Этими сведениями располагал я и потому, конечно, незамедлительно поделился с Дживсом.
— С ним все благополучно. После воодушевляющей встречи с Бринкли он пошел в мой гараж за бензином. Он говорил, что бензином тоже можно оттереть лицо, не хуже масла, — это правда?
— Да, сэр.
— Тогда, думаю, он сейчас катит в столицу, а может, уже и прикатил.
— Я тотчас же извещу ее светлость, сэр.
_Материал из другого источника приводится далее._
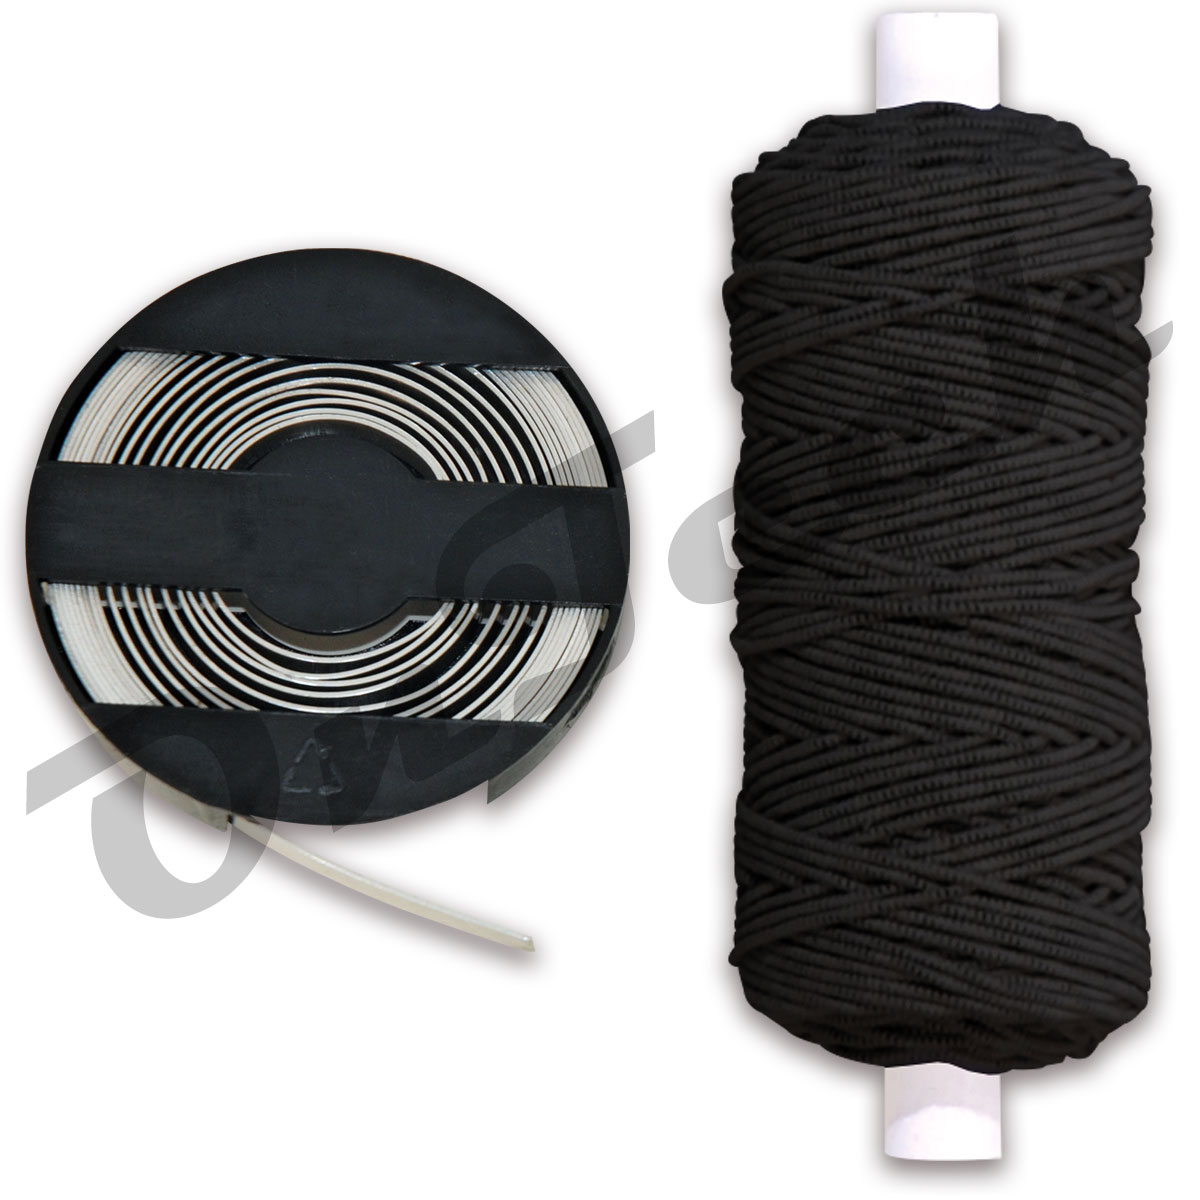 Attalink Verbrauchsmaterial-Set mit schwarzem Bindeband
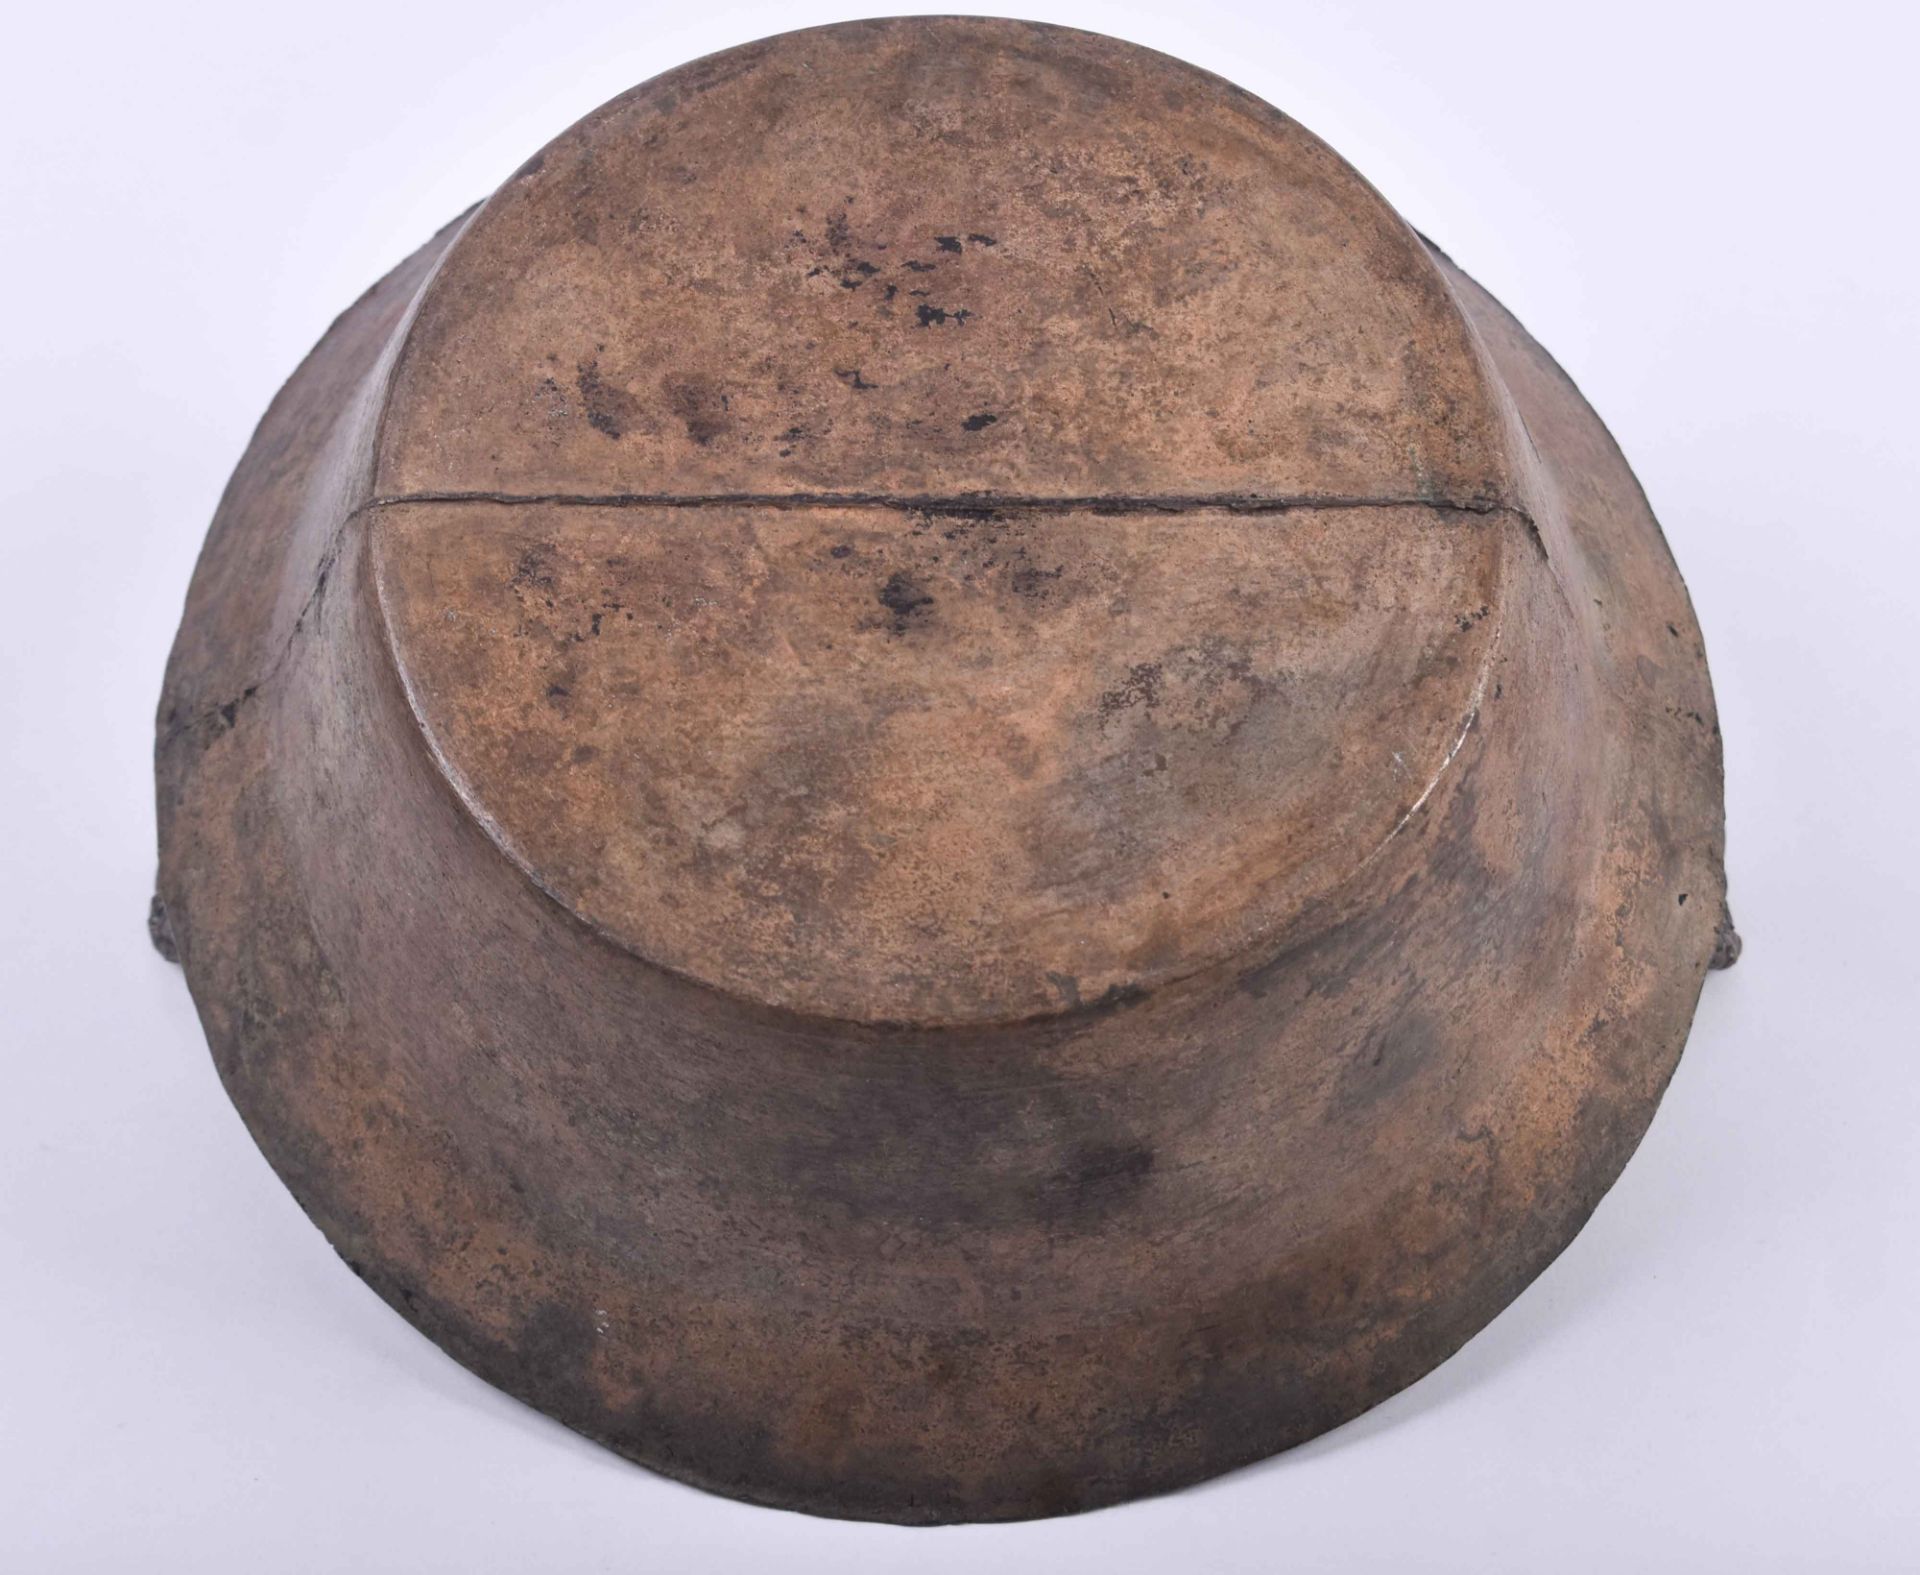  Ritual bowl China Qing dynasty - Image 5 of 6

Полагаю, это сообщение в значительной степени умерит ее беспокойство.
— Вы в самом деле думаете, что она все еще любит его и желает совершить amende honorable?
— Или протянуть пальмовую ветвь? Да, сэр. Во всяком случае, ее поведение дает все основания сделать такой вывод. У меня сложилось впечатление, что старая любовь вспыхнула с прежней силой.
— Я очень рад, — искренне сказал я. — Должен вам признаться, Дживс, что после нашего с вами последнего разговора я совершенно переменил свое мнение о вышеупомянутом Глоссопе. В бессонные ночные часы между нами возникли узы, которые можно бы, пожалуй, назвать доброй дружбой. Мы обнаружили друг у друга массу скрытых достоинств и расстались, осыпая друг друга приглашениями на ленч.